Search Engines Don't Have Taste

To avoid being stuck in games of semantics, I'll clarify that I think that they don't have good taste.

Good Taste

What is taste? Taste is a set of preferences. I prefer running to rowing, for instance. Taste is, by definition, personal. I have my own tastes and you have yours.

What is good taste? This is where it gets tricky. My best definition is: preferences that identify and maximize inherent quality. Here we get into murky waters in an attempt to define Quality or "good design." I'll leave that up to the reader. For now, we'll use the description: "you know it when you see it."

There is one trait of good taste that is important to note. Good taste is inherently social. Someone can only have good taste if others with good taste agree. By definition, if you have different preferences from someone with good taste, you probably have bad taste.

Search Engines Have Bad Taste

Before I attack search engines I do want to clarify the scorecard I'm using to make this claim. Search engines are a miracle. When it comes to matters of trivia they are phenomenally good. If you know what information you are searching for, and can form the proper terms into a question, your question will most likely be answered. If you want to know how to change a car tire, the date World War 2 ended, or a recipe for pasta sauce you will get a link to the best answer.

However, search engines have optimized for this single use case at the expense of link quality. I feel this every time I land on a page that was obviously hand tailored to out SEO every other page on the internet.

We all know these pages. We experience them every day. You can identify them by some of their bad taste properties:

  • Slow Slow to load. Slow to interact with. Slow to get to the information you actually need.

  • Ad filled Self explanatory.

  • Over-styled/under-designed This is an interesting distinction that I only realized as I was writing this post. Once the page loads, these pages load in tons of CSS to render a colorful interface filled with animations, custom fonts, and lazy loaded high definition imagery. But, more often than not, the flash gets in the way of the purpose of the page. It's not designed for transfer of knowledge, it's designed to look pretty.

  • Over optimized for recent events More and more I see recent news articles creeping in on search result pages. While sometimes useful, it is getting in the way of interacting with the term itself. Instead I'm taken to a page where the term is at best tangentially involved.

  • Contain rambling paragraphs of low quality writing This is a case where the search engine isn't even that good at trivia. Recipe pages are the worst about this. At some point recipe writers figured out that adding a wall of poorly written personal anecdotes made the page score better on Google. Combined with ads, this experience is particularly bad on mobile.

  • Not shareable Not that you can't share them so much as you wouldn't. These links aren't ever shared between people as a means of knowledge transfer.

This last bit is the most important here. As I claimed above, having good taste is social. So why does the first page of search results contain links that I don't like visiting?

Why Good Taste Is Important For Search Results

Quality links exhibit the opposite of the traits listed above. They are timeless. They are well written. They are shared between people with good taste. But most importantly, they don't contain the veneer of SEO optimizations that make pages so disappointing.
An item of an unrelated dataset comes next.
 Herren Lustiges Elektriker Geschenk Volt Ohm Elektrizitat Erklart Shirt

They are often quirky, a little out dated, and contain interesting information that doesn't target one keyword repeatedly. They are often written by a domain expert who doesn't have the time or energy to play the SEO game. They often live on a site that contains personality. Personality opens the door to discovery.
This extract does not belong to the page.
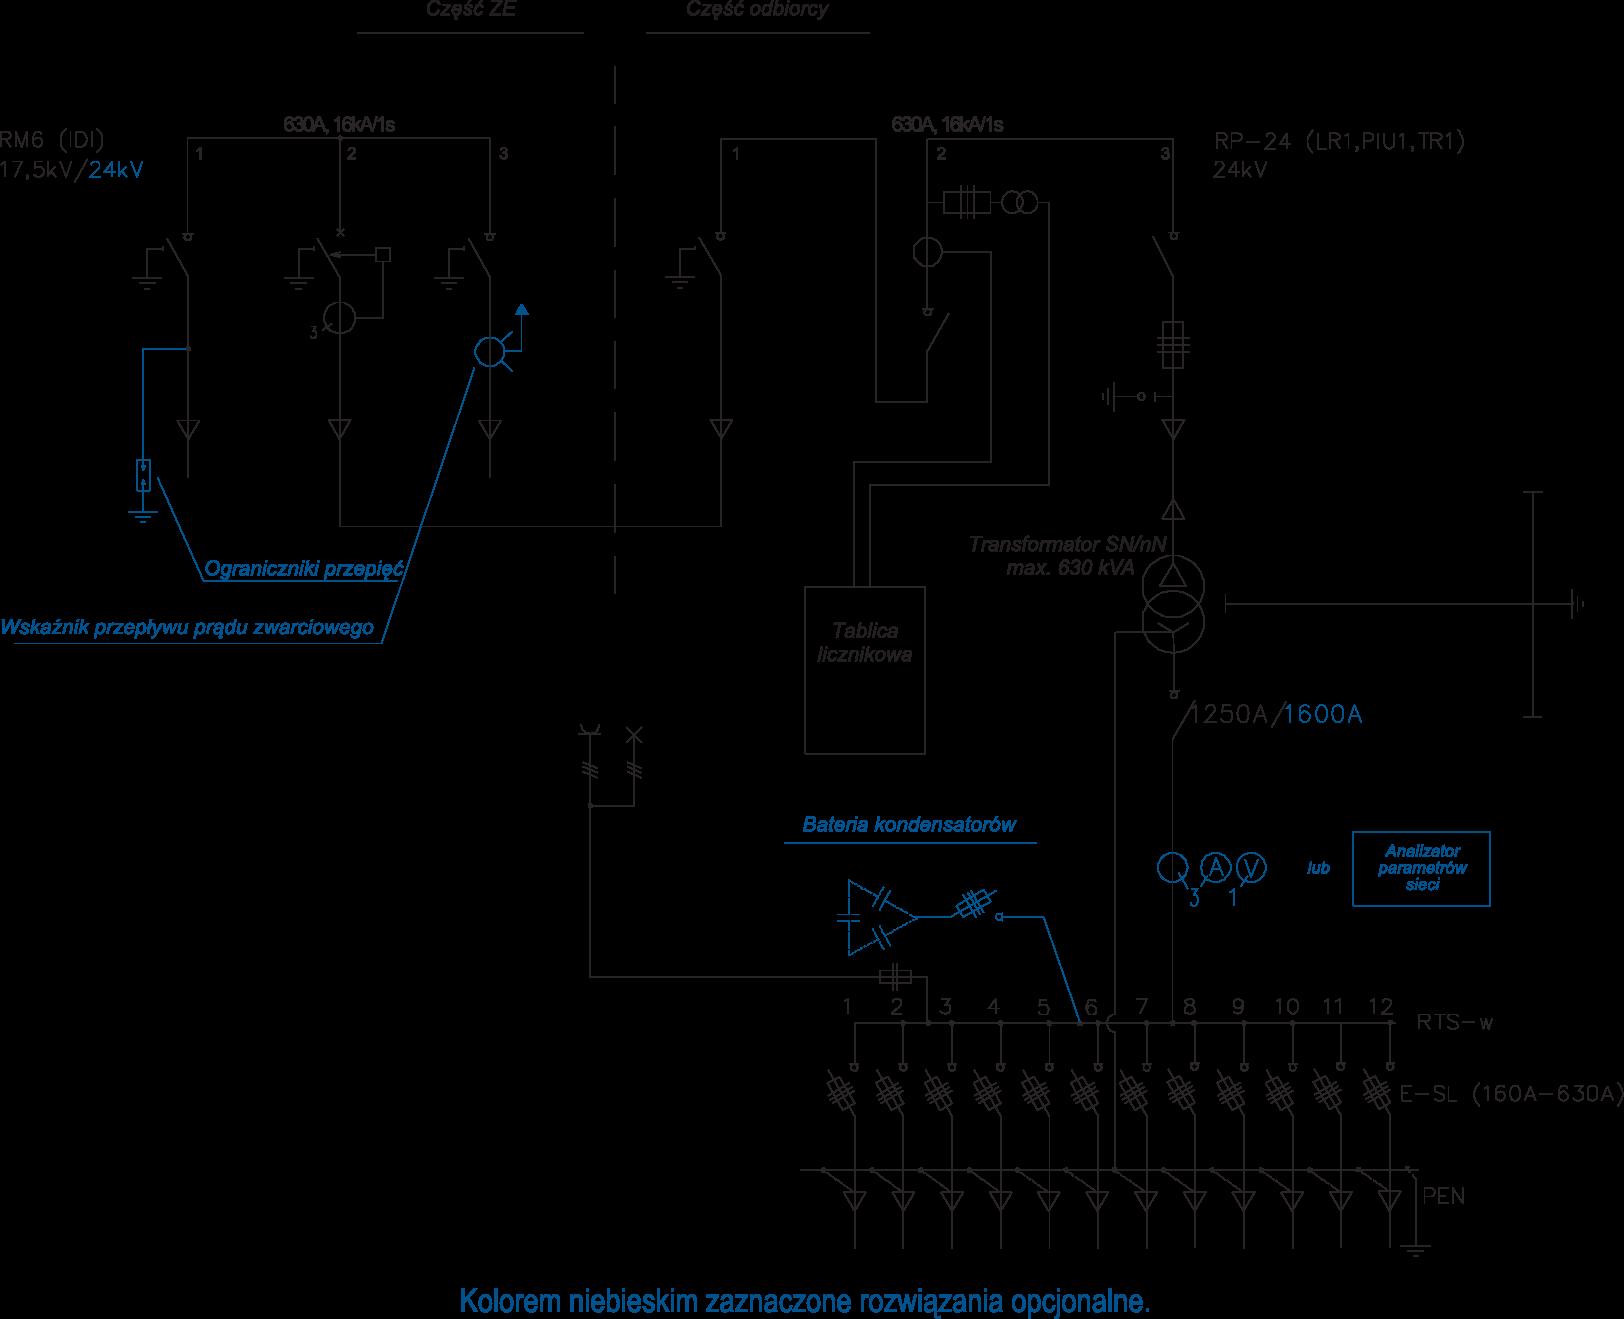 Schemat stacji transformatorowej typu BEK 250/600

Smart people often read and write widely. When you find a website that isn't afraid to explore many ideas across many domains, you can explore those domains with them. You solve the "you don't know what you don't know" problem. Although we are often exposed to toxic amounts of novel experiences nowadays, novelty as a whole is a good thing. It's the first step in learning something new. True novelty (not just another post/video/tweet about the same topic), is surprisingly rare.

Surfacing high quality, good taste links is the open door to discovery.
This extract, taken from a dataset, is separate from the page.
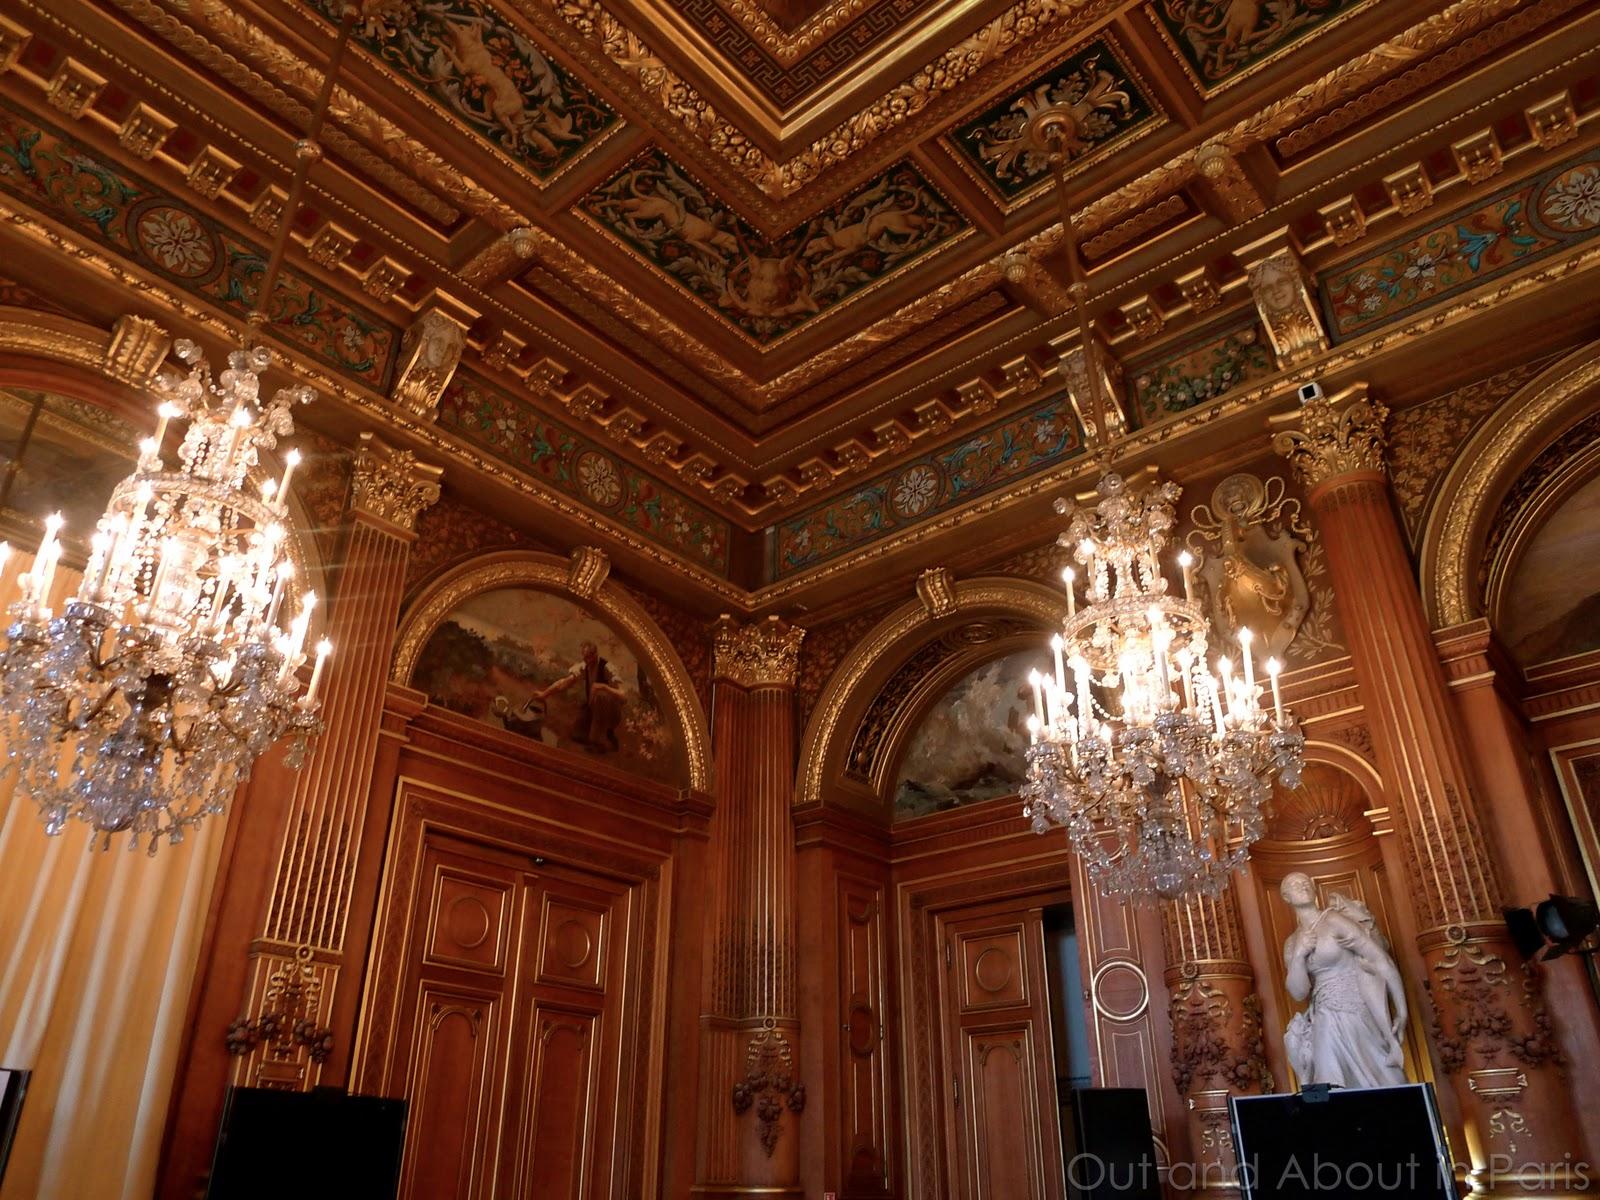 H tel de ville in paris you 39 ve seen the outside now it 39 s - Salons de the a paris ...

Adding Good Taste To Search Engines

Here I need to leave the rant behind and try to explore some ideas around how search engines could resolve their taste problem.

Given that taste is inherently social, I do think that some kind of social element needs to play into adding taste. The most basic version is to score links that have been shared by people of domain expertise or influence higher than links that don't. The morally questionable version of this is to measure how those same domain experts interact with individual links. Spending more time on a page (or even better, knowing what they have annotated or highlighted), signals that the quality of a link is higher than a link that has been skimmed.

Staying power should also be more heavily weighted than it currently is. An article written two decades ago that is still referenced today probably obeys the lindy effect. It will stand the test of time for another couple of decades. Instead of punishing the link for staleness, reward it. This has a lovely flywheel effect as well. If you incentivize evergreen content, more evergreen content will be written.